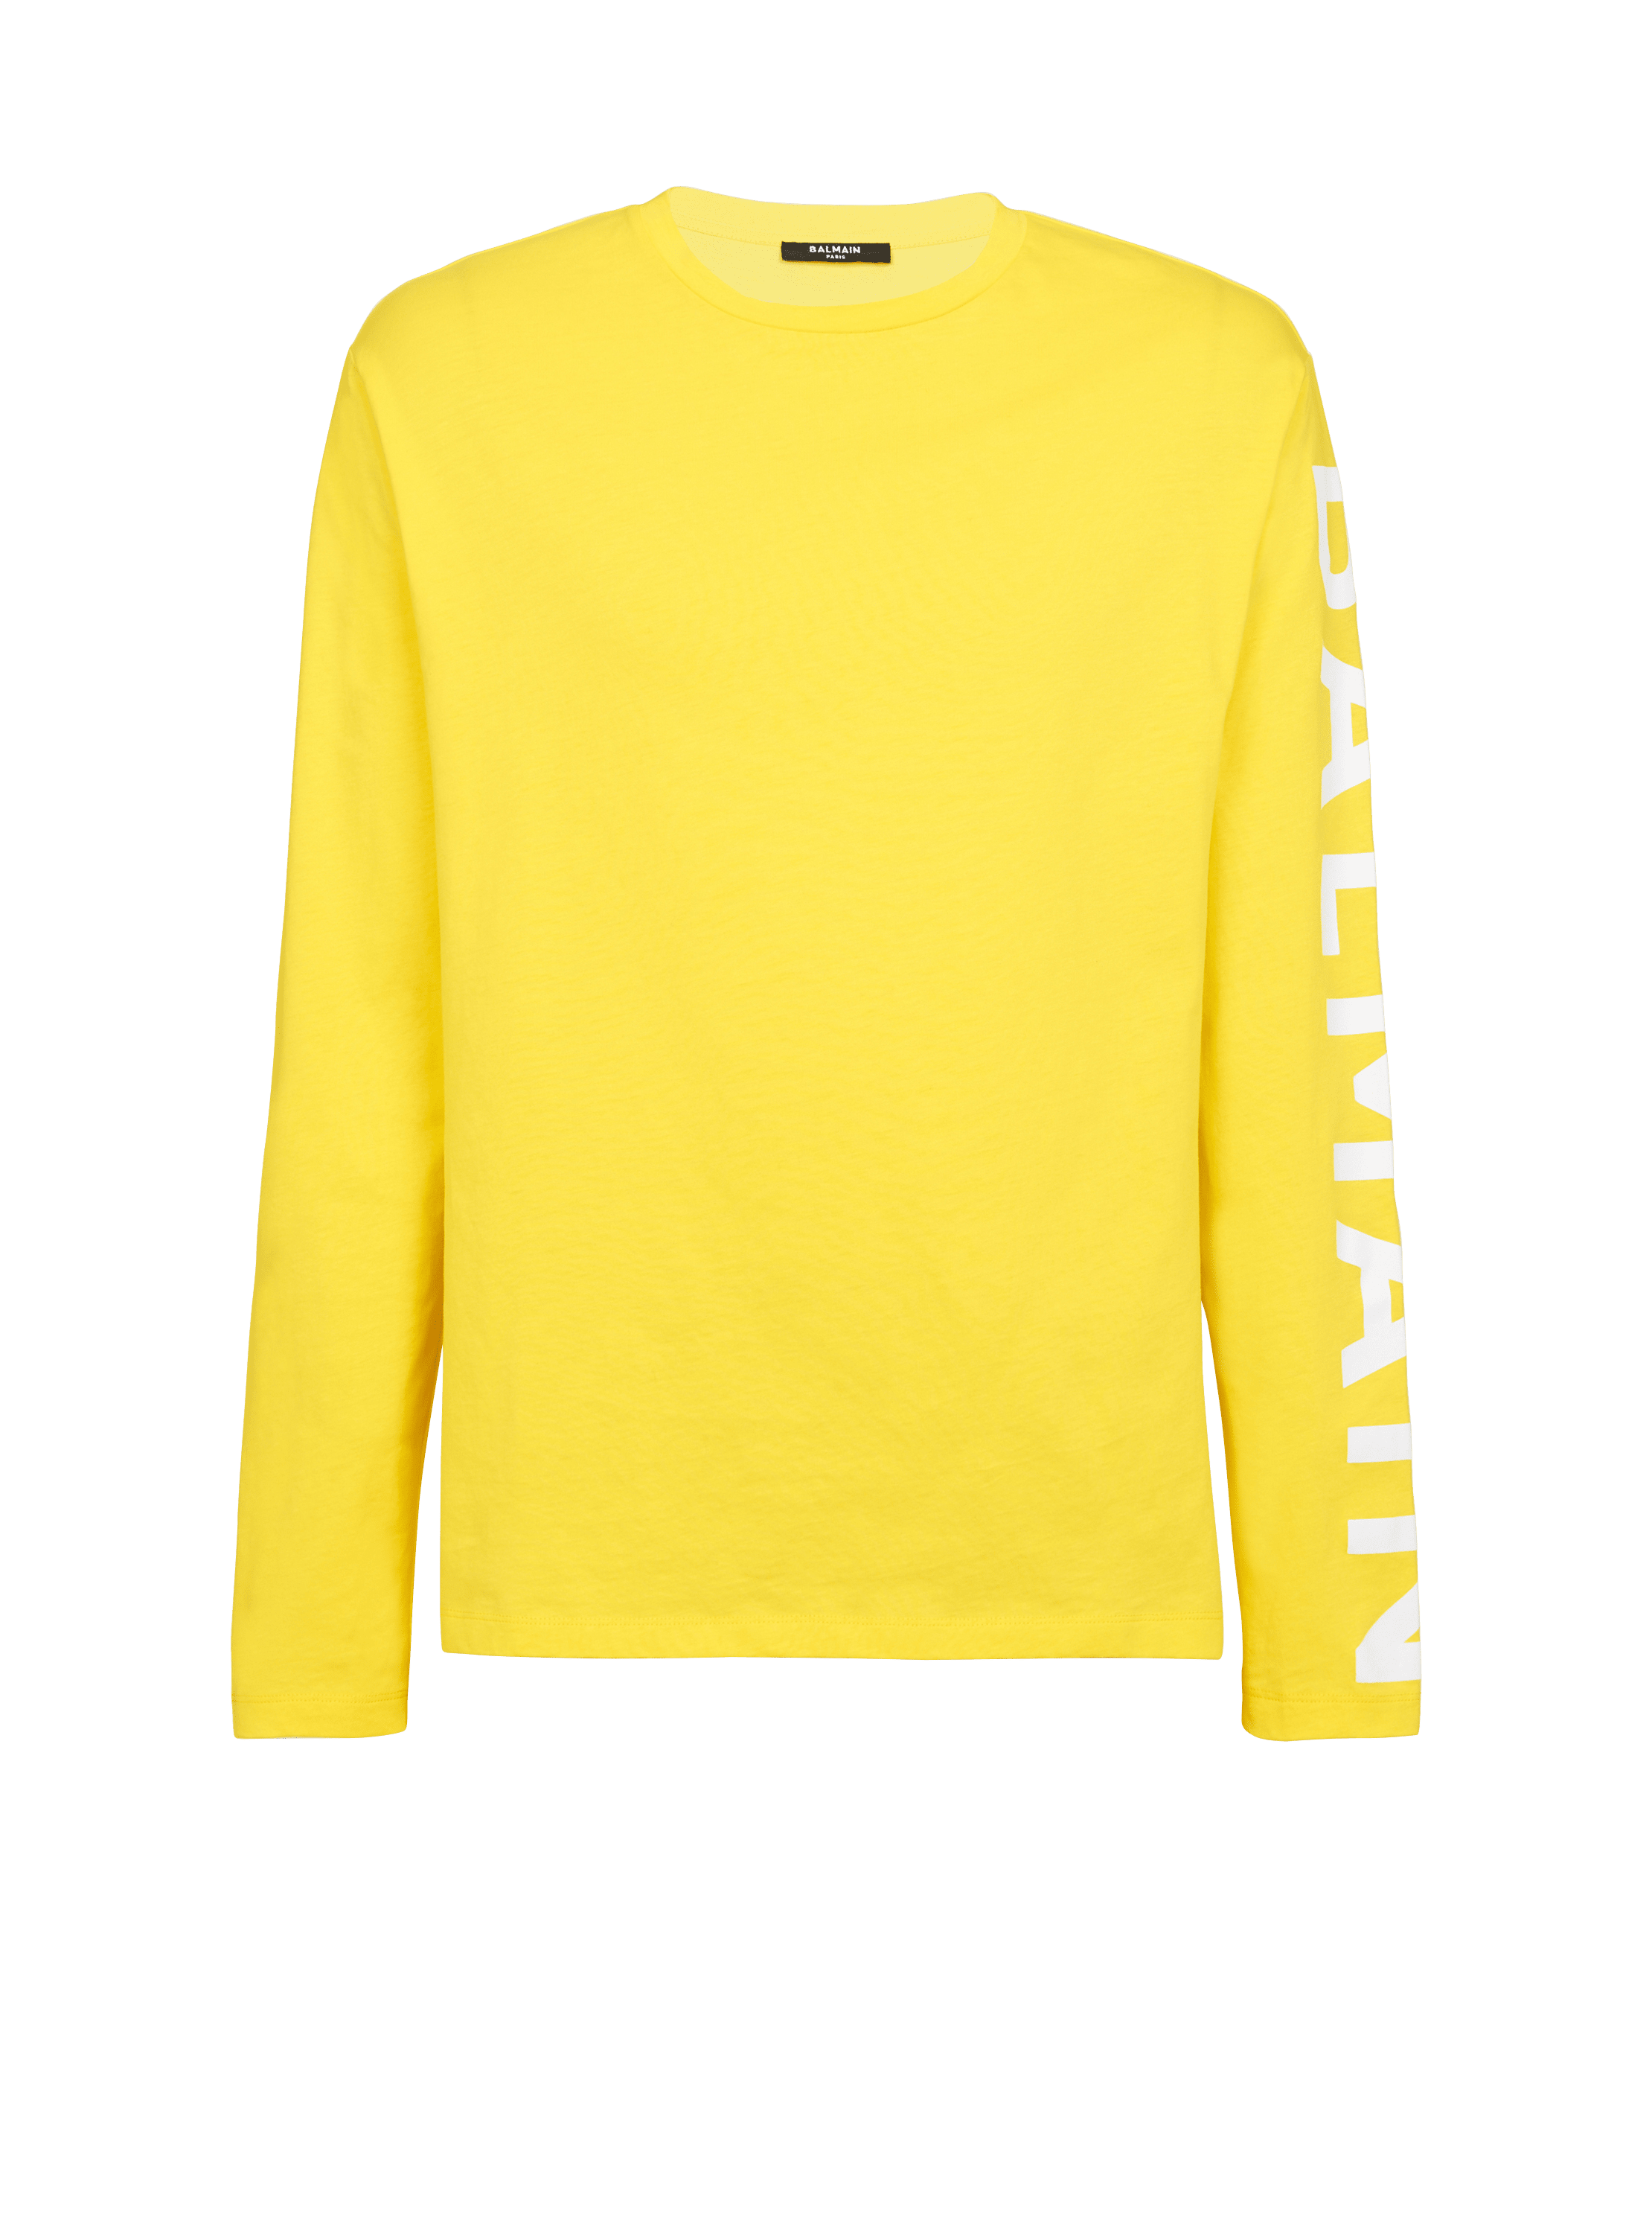 T-shirt in cotone con logo Balmain, giallo, hi-res
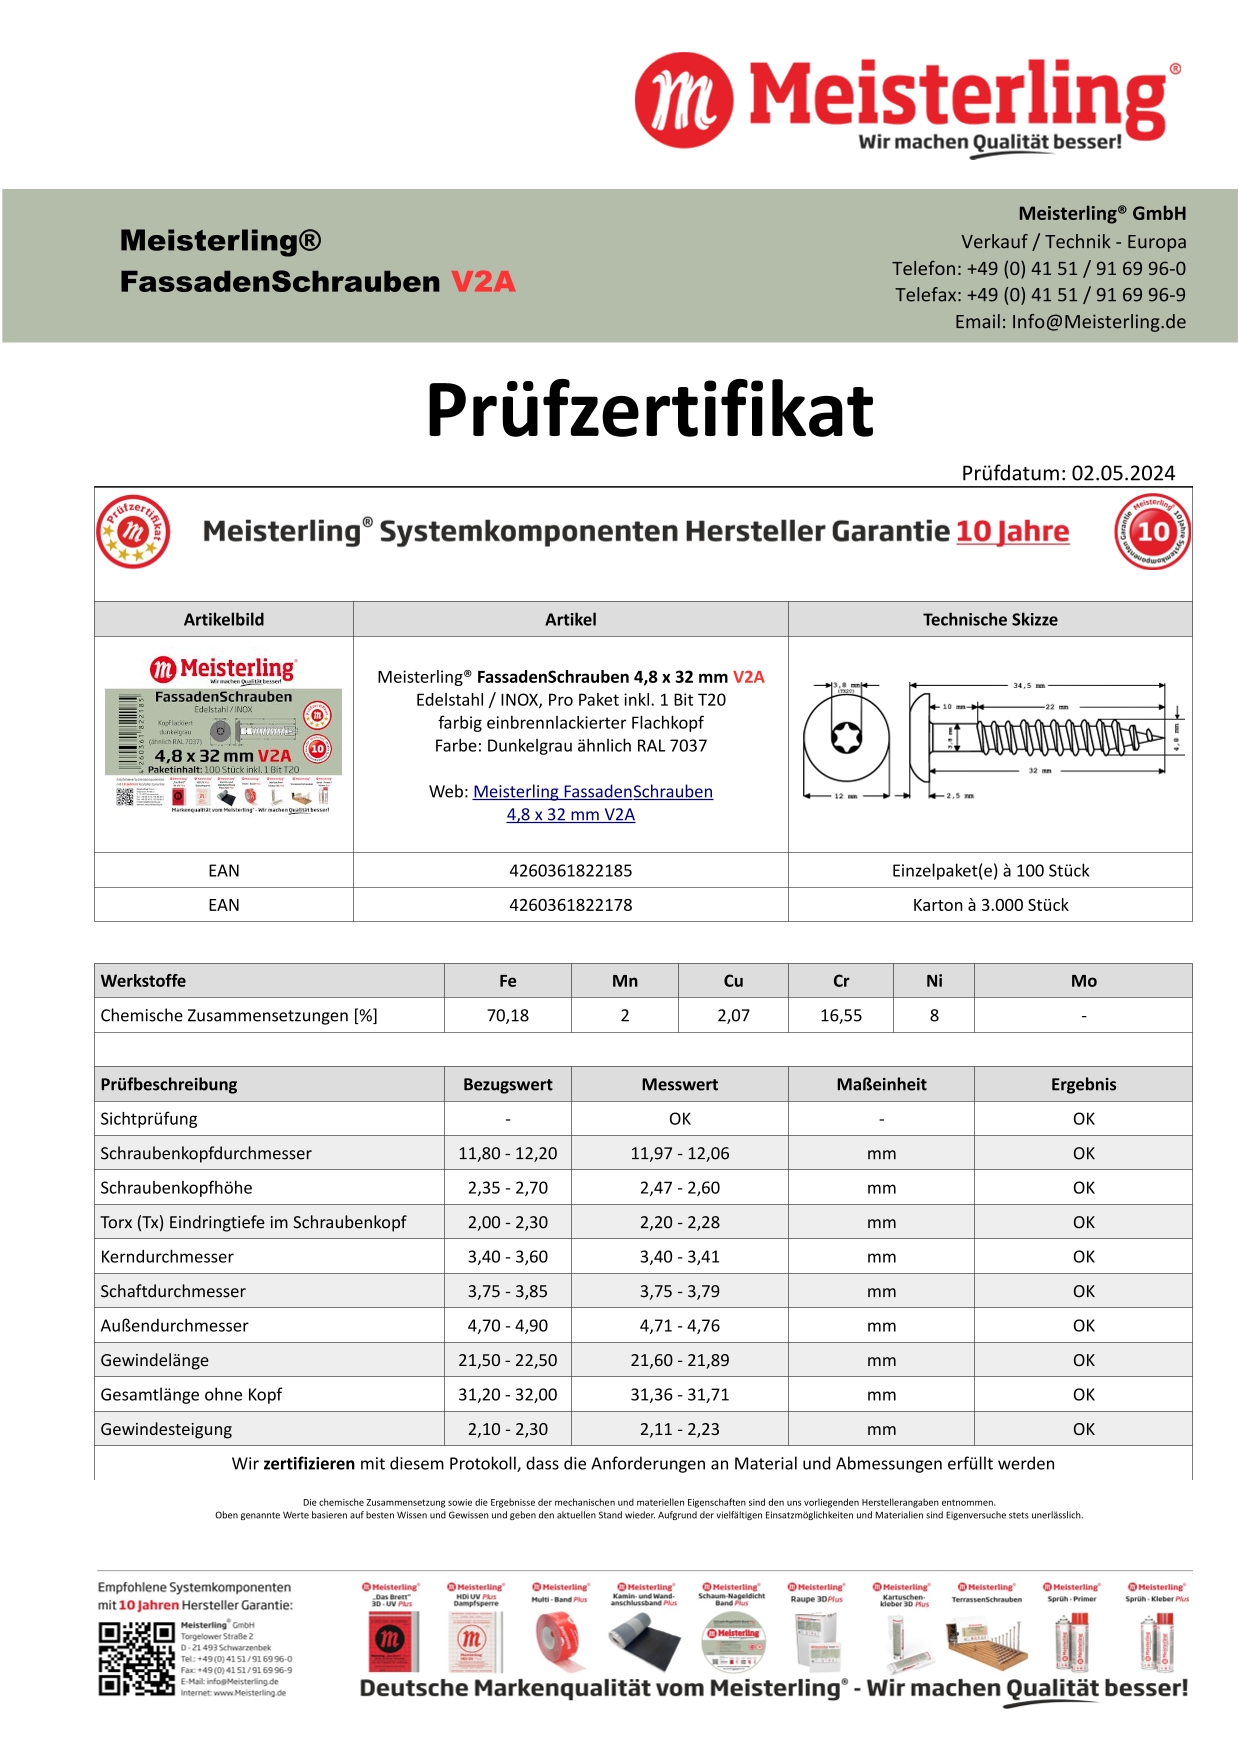 Prüfzertifikat Meisterling® FassadenSchrauben 4,8 x 32 mm V2a dunkelgrau
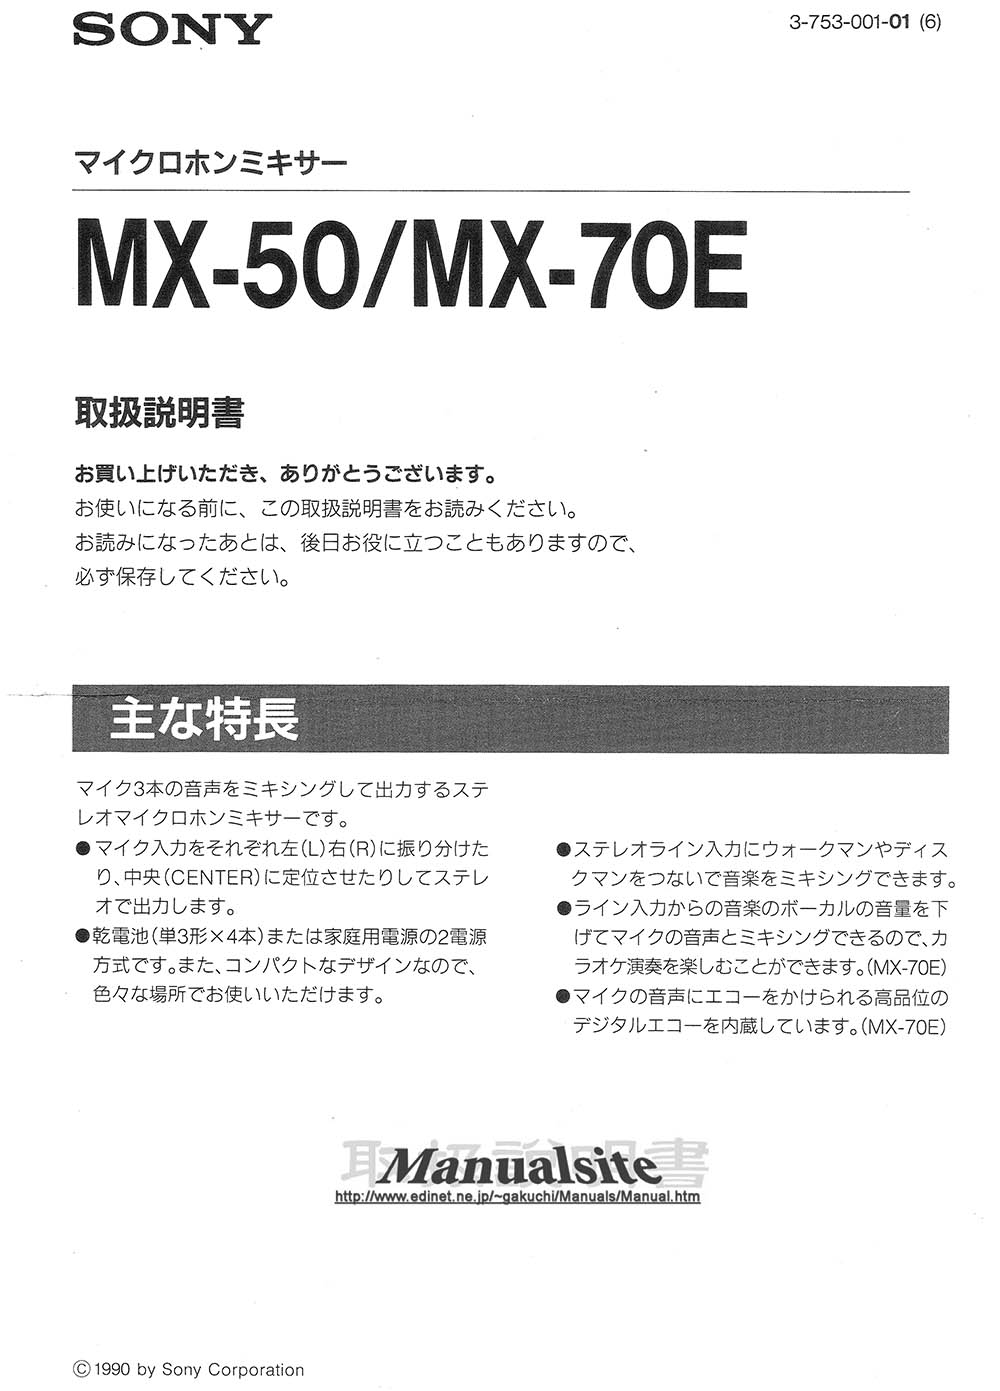 マニュアルサイト詳細館1号館: MX-50/70E
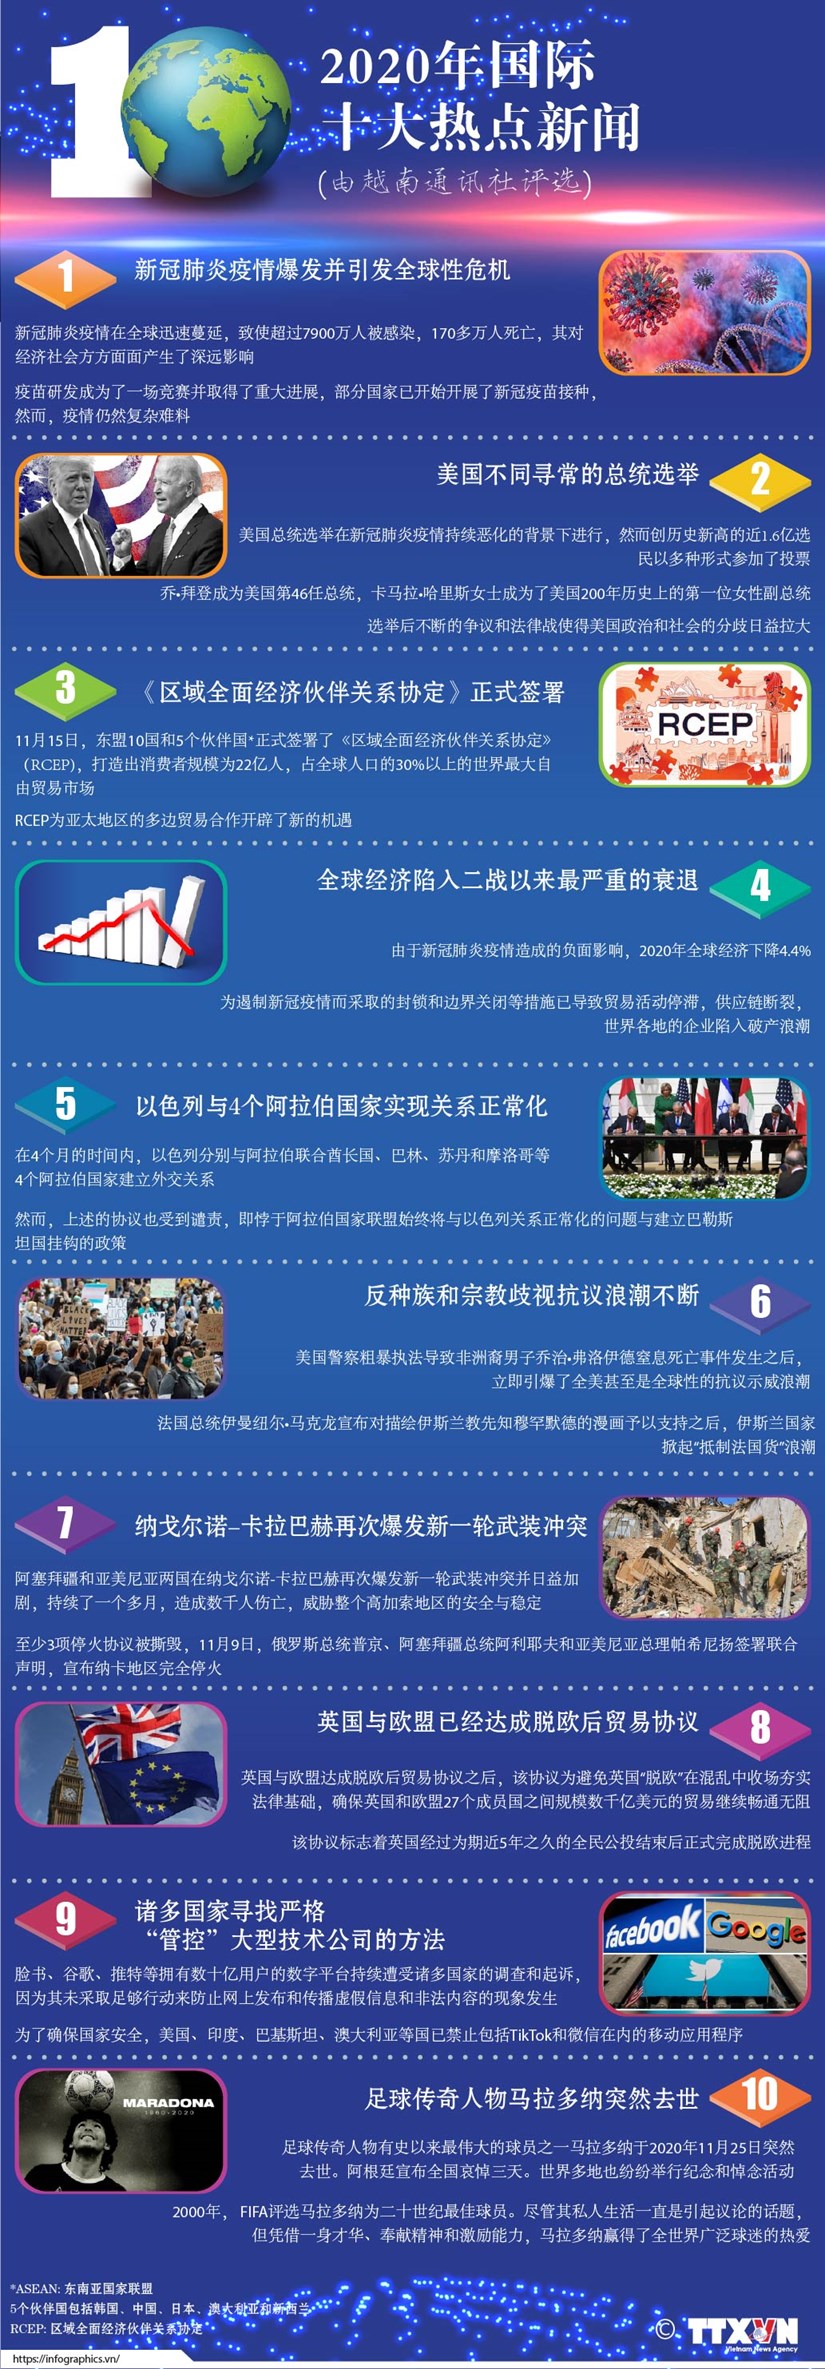 图表新闻：越通社评选2020年国际十大热点新闻 hinh anh 1

> THE TASK: I would like you to set down the lines above, from the one containing "Prüfzertifikat Meisterling® FassadenSchrauben" to the final line, exactly as written and without pictures.

> EXERCISE ANSWER:
 Prüfzertifikat Meisterling® FassadenSchrauben 4,8 x 32 mm V2a dunkelgrau
 マニュアルサイト詳細館1号館: MX-50/70E
 图表新闻：越通社评选2020年国际十大热点新闻 hinh anh 1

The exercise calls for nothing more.